Speaking in Poland during a European visit designed to affirm the West’s united resolve against Russia’s invasion of Ukraine, Biden ad-libbed about Putin, “For God’s sake, this man cannot remain in power.”
Those words may only reinforce the Russian president’s paranoia. Putin conflates his own interests with those of his country, so he is inclined to take any words calling for his removal as also being a threat to Russia.
Almost as soon as the words came out of Biden’s mouth, members of his administration scrambled to reframe them, saying that regime change in Russia is not what Biden meant and is not the nation’s foreign policy. Biden himself later muddled things further, trying to distinguish between his personal outrage at Putin and American foreign policy that he is expected to set and articulate.
What Putin has done in Ukraine is reprehensible. In order to try to force a free and democratic nation back into the Russian fold, he has indiscriminately attacked civilian targets as well as military ones. He is a villain, but he’s a villain with whom the U.S. and the rest of the Western allies have to deal.

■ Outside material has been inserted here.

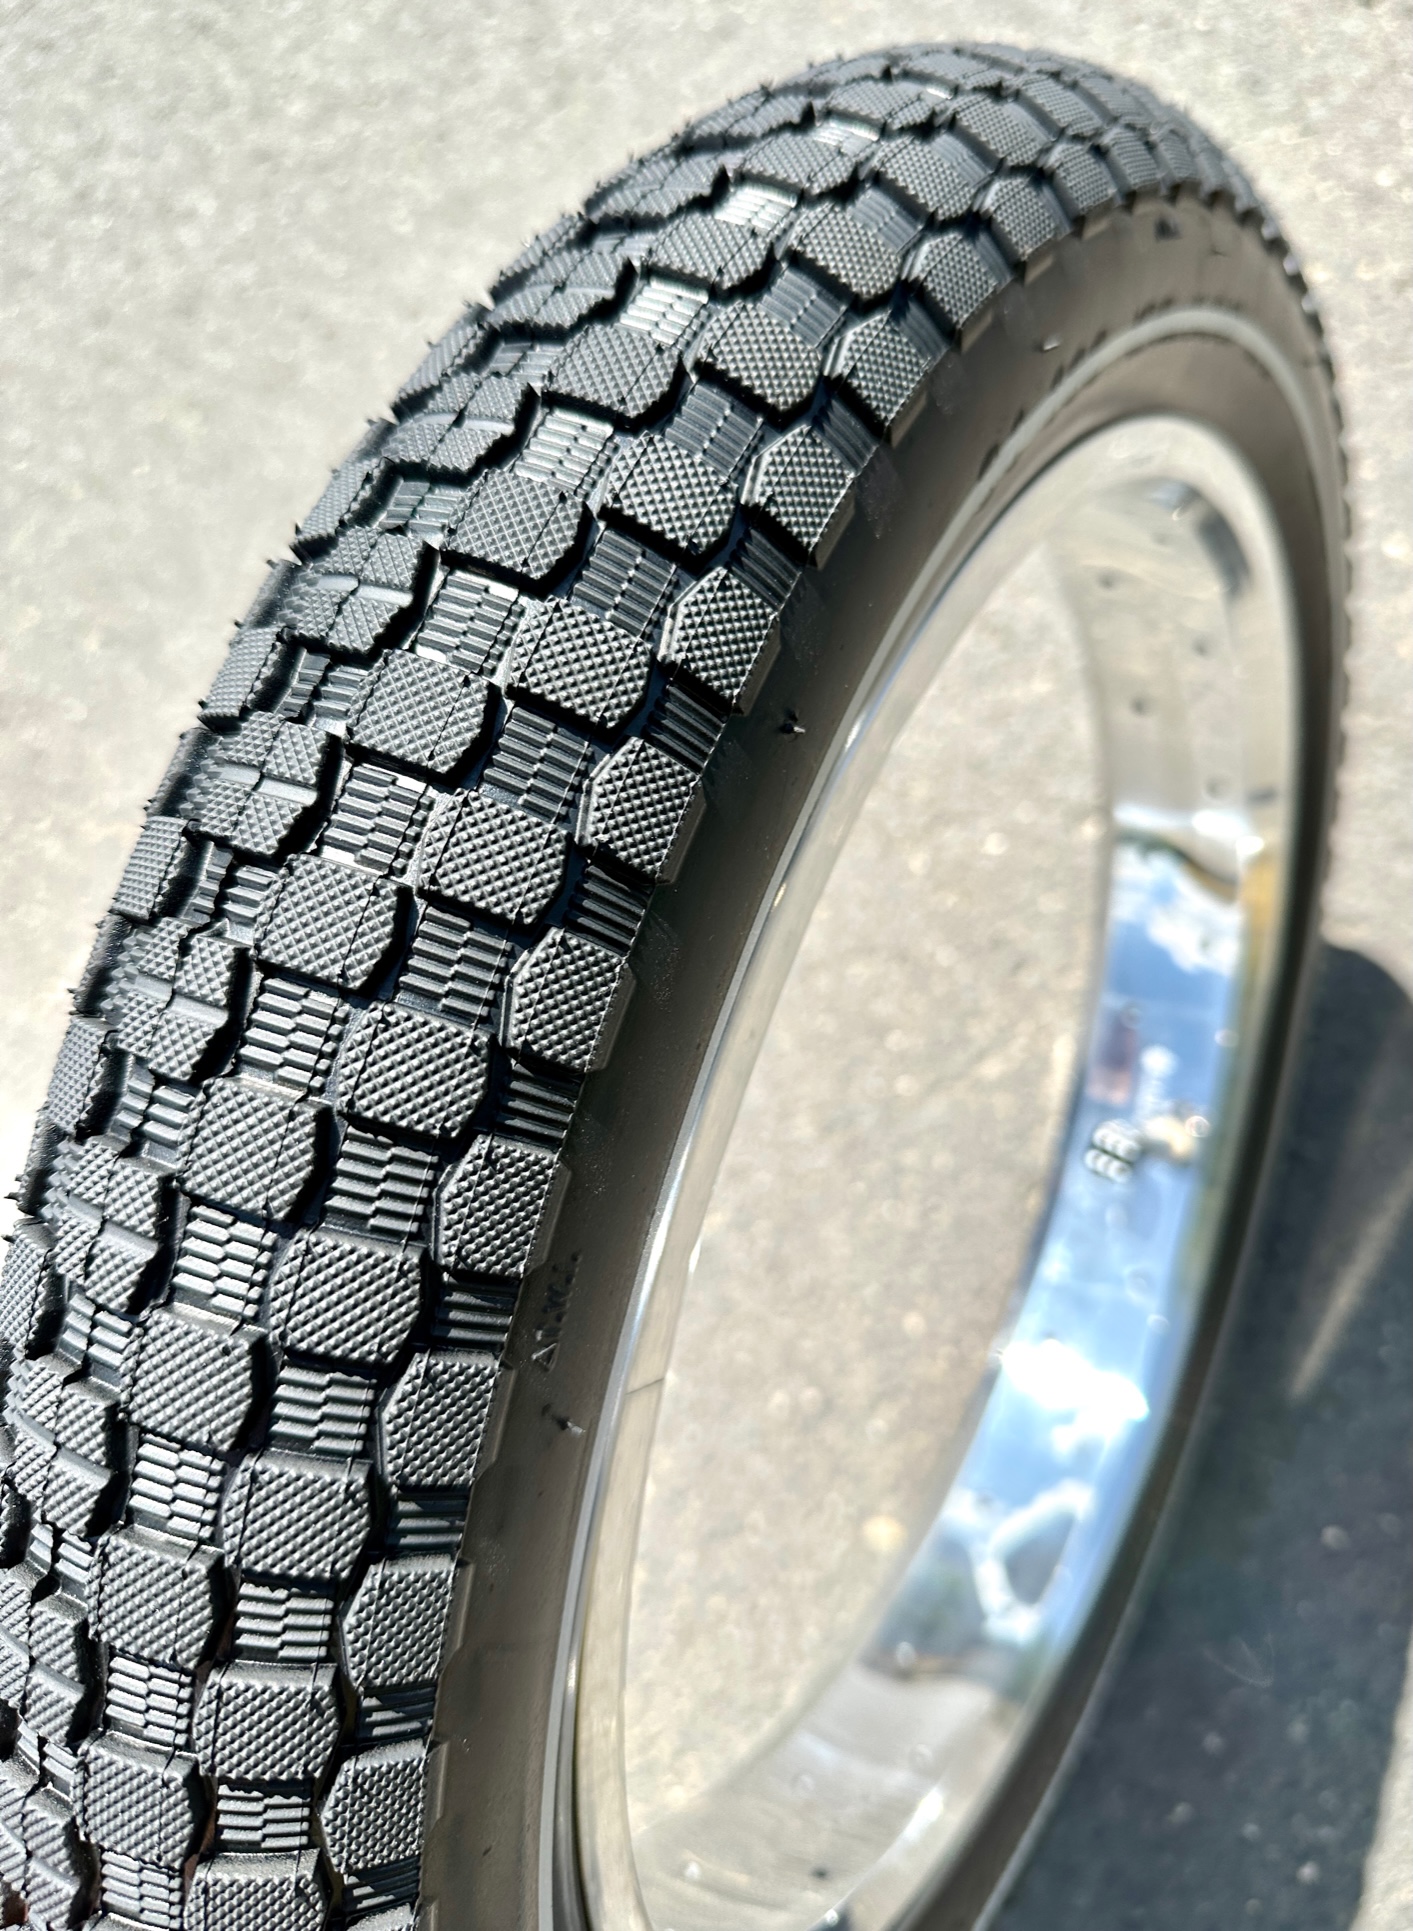 Kenda K-Rad tire 20 x 3.30 pure black

The U.S. objective is to de-escalate the war in Ukraine and help steer the conflict toward a settlement that both sides can accept. Ukraine’s brave resistance against Russia’s overwhelming military superiority is part of the equation. But so is giving Putin an exit strategy that he can take without threatening his hold on power in Russia.
If Putin feels like he has nothing to lose, the consequences could be grave, not only for Ukraine but for the world. Putin has at his disposal a nuclear arsenal that could destroy the world many times over. He has already so much as threatened to use it if the West blocks his ambitions.
To assure that threat remains an empty one, it would help if Biden were to choose his words more carefully.